8. We would observe that this was a paper appeal and the Secretary of State notwithstanding having been served with the appeal papers took no part in it. Had she done so she would no doubt have confirmed the position that has now been confirmed, namely that the statements were before the Secretary of State. If that had been made clear the risk of the First-tier Tribunal making this error would, we trust, have been eliminated.
9. We allow the appeal and we set aside the Tribunal’s decision. We allow the appeal against the Secretary of State and we direct that the Secretary of State grant leave to the appellant.

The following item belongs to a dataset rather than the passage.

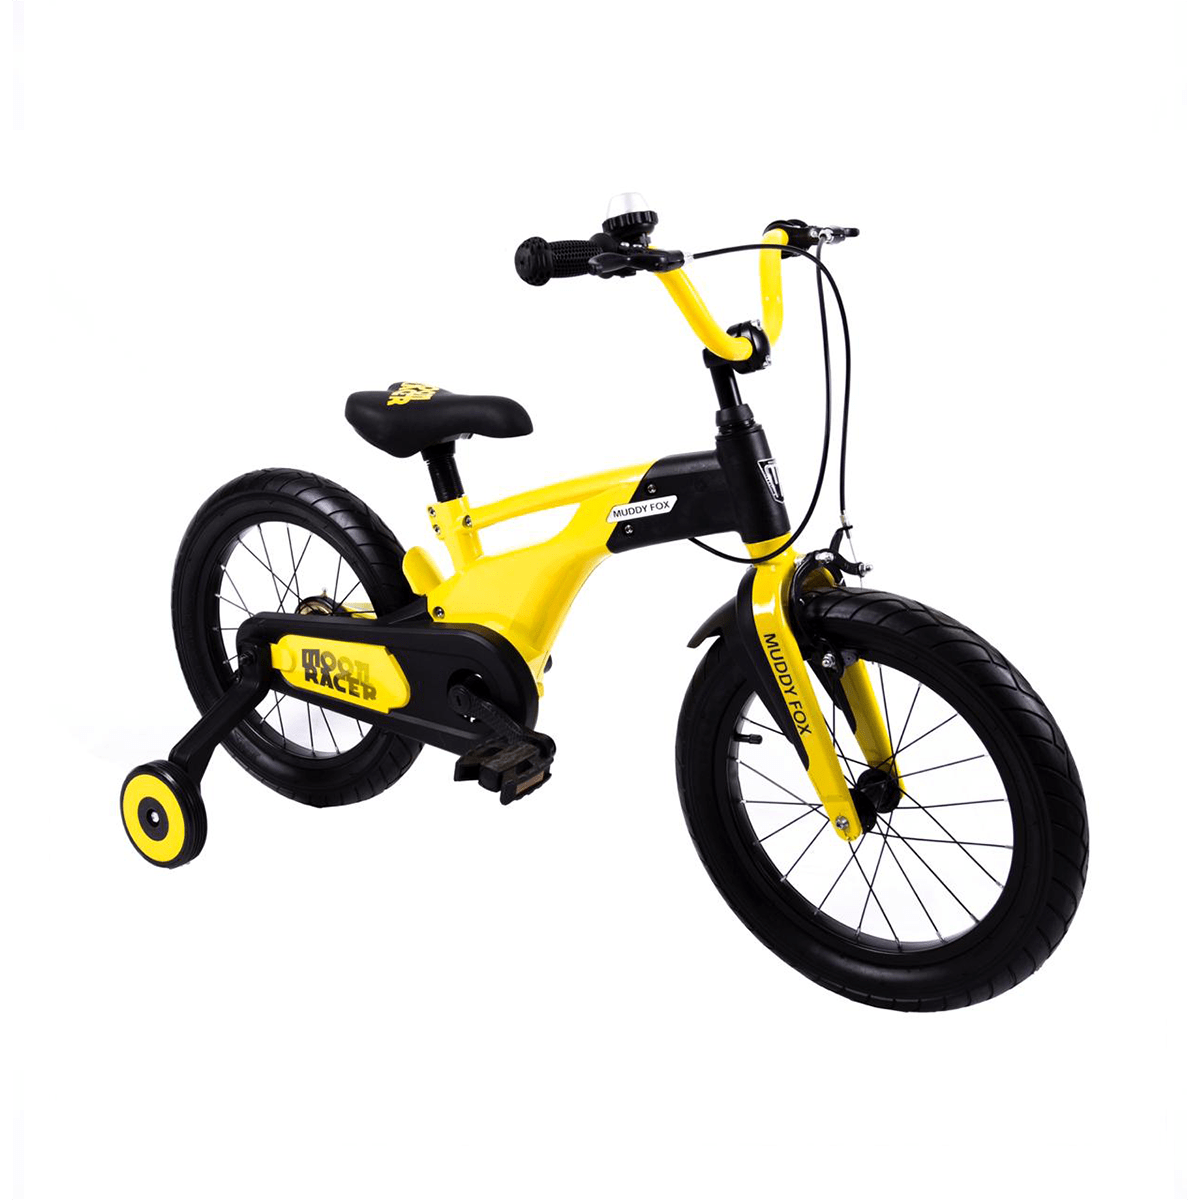 F600 Kids Bike 16 Inch - Little Angel (Yellow)

10. We turn now to the appeal of Mr Onuoha. His appeal is contingent upon that of the first appellant as she is his partner. The second appellant arrived in the United Kingdom in November 2008 with a one year student visa covering the period September 2008 to September 2009 to study a three year electrical engineering degree course. His visa was then extended until 2011 to enable him to complete his course.
11. On 14 November 2011, prior to the expiry of his visa, he applied for leave to remain as a dependant of a Tier 4 Migrant. By virtue of various appeals his status changed so that he was granted leave to remain in line with his partner’s visa and this gave him right to remain until 7 October 2013.
12. On 1 October 2013 he applied for leave to remain as a Tier 4 Student. This was refused upon the basis that his partner did not meet the requirements in the Rules. It therefore necessarily follows from the fact that we have allowed the first appeal that we allow the second appeal, and we make the same ruling in relation to the second appeal as we have made in relation to the first appeal.